Дугал, заговорщицки понизив голос, назвал какое-то странно прозвучавшее для Гая имя и осведомился, сохранилась ли могила этого человека. Привратник торопливо закивал и, кажется, даже слегка обиделся подобному вопросу. Мак-Лауд коротко поблагодарил, заодно перебросив обрадованному сторожу ярко блеснувшую монетку, и компаньоны зашагали по вымощенному мелкими светлыми камнями внутреннему двору.
Чтобы попасть к главному входу в храм, как объяснил привратник, требовалось обойти братский корпус – приземистое здание серого камня с рядами крохотных окон под нависающим карнизом красно-коричневой черепичной крыши. Торжественность и спокойствие этих вырванных из суеты городской жизни мест, казалось, разлитые в воздухе, подействовали не только на начавшего успокаиваться Гая, но и на его попутчика. Во всяком случае, с его физиономии исчезло постоянное слегка насмешливое выражение, сменившись чем-то, весьма похожим на глубокую задумчивость.

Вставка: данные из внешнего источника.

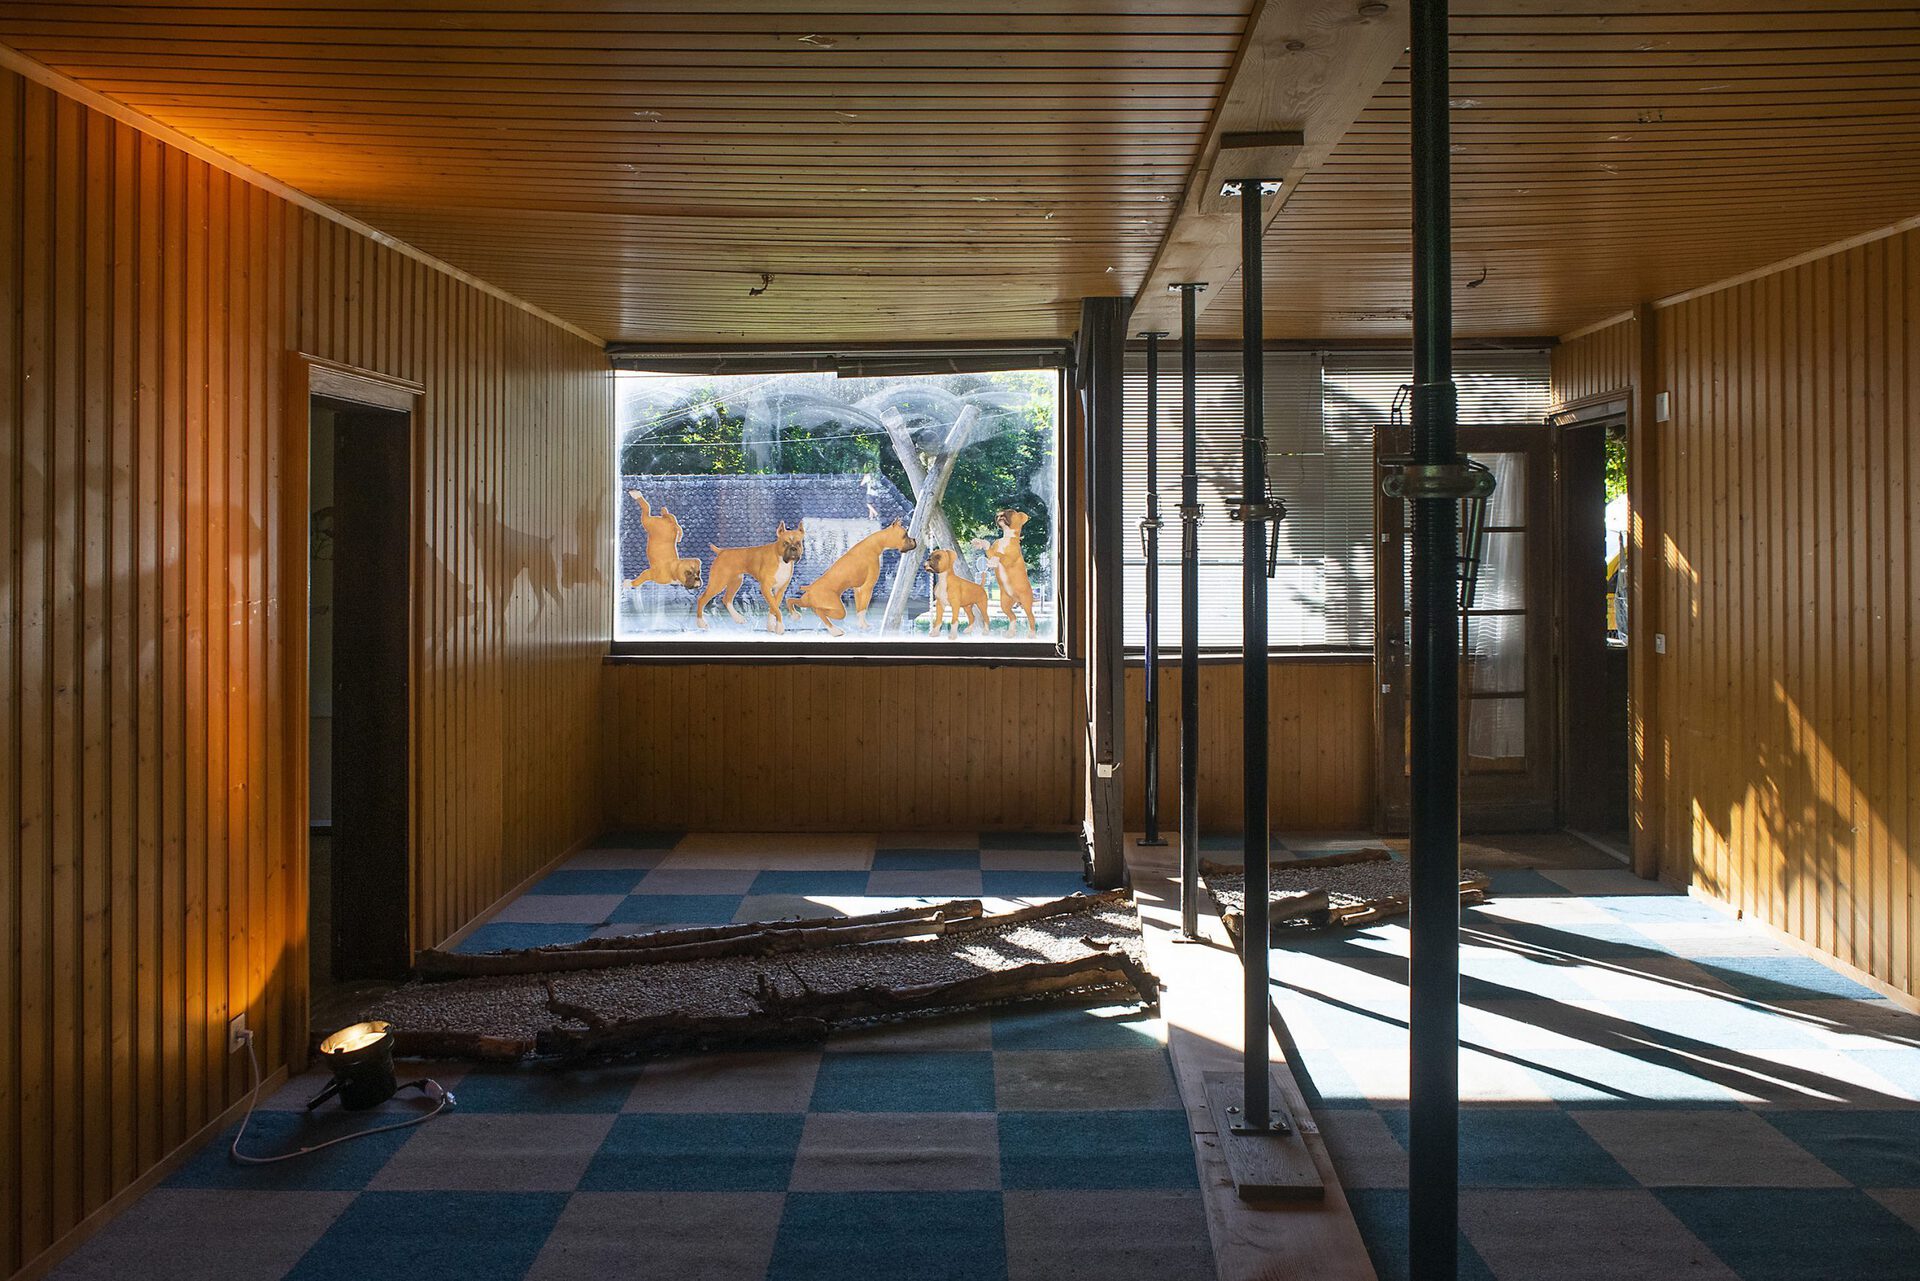 Installation view, Dog Walk, Chalet à Gobet, Lausanne, 2020

Сэру Гисборну иногда начинало мерещиться, что в его странноватом знакомом живет два человека: один – Дугал из клана Лаудов, неугомонный задира, пьяница и бабник, а второй… Второй гораздо умнее и мудрее всей их компании, и, как положено мудрецу, чаще предпочитает хранить молчание.
Они свернули за угол и разом остановились. Перед ними возвышался Турский собор, бледно-золотистый, с взлетающими над землей двумя квадратными башнями колоколен, статуями в нишах и изящно вытянутой вверх аркой портала. Над ней в радужных витражах идеально круглого окна-розетки играли лучи полуденного осеннего солнца.
Гай хотел что-то сказать, но внезапно обнаружил, что не может найти подходящих слов. Кроме того, его вновь разобрали тревожные предчувствия – вдруг его вина гораздо больше, чем он полагает? Вдруг святой решит, что такому закоснелому грешнику, как Гай Гисборн из Ноттингама, не место в благочестивой обители и не положено никакого прощения?
– Красиво, – нарушил мирную тишину Мак-Лауд, однако в его голосе не слышалось особенного восхищения. – Одного только не могу понять: неужели Господу на самом деле угодны все эти каменные громадины, облепленные внутри золотом? Здесь еще ничего, а в Италии как построят собор, так не разберешься – то ли во имя Божье, то ли ради того, чтобы перещеголять соседний город… Отец Колумбан прекрасно обходится без всей этой роскоши, и мне кажется, он намного ближе к Небесам, чем здешние монахи. Наш священник из Гленн-Финнан, отец Беуно, с трудом связывал пару слов на латыни, а люди со всей округи шли к нему со своими горестями и радостями. Он жил в часовне, построенной моими предками лет двести назад, и никому не приходило в голову снести ее, чтобы соорудить взамен что-нибудь эдакое… Интересно, во сколько обходится здешним горожанам содержание такого великолепия?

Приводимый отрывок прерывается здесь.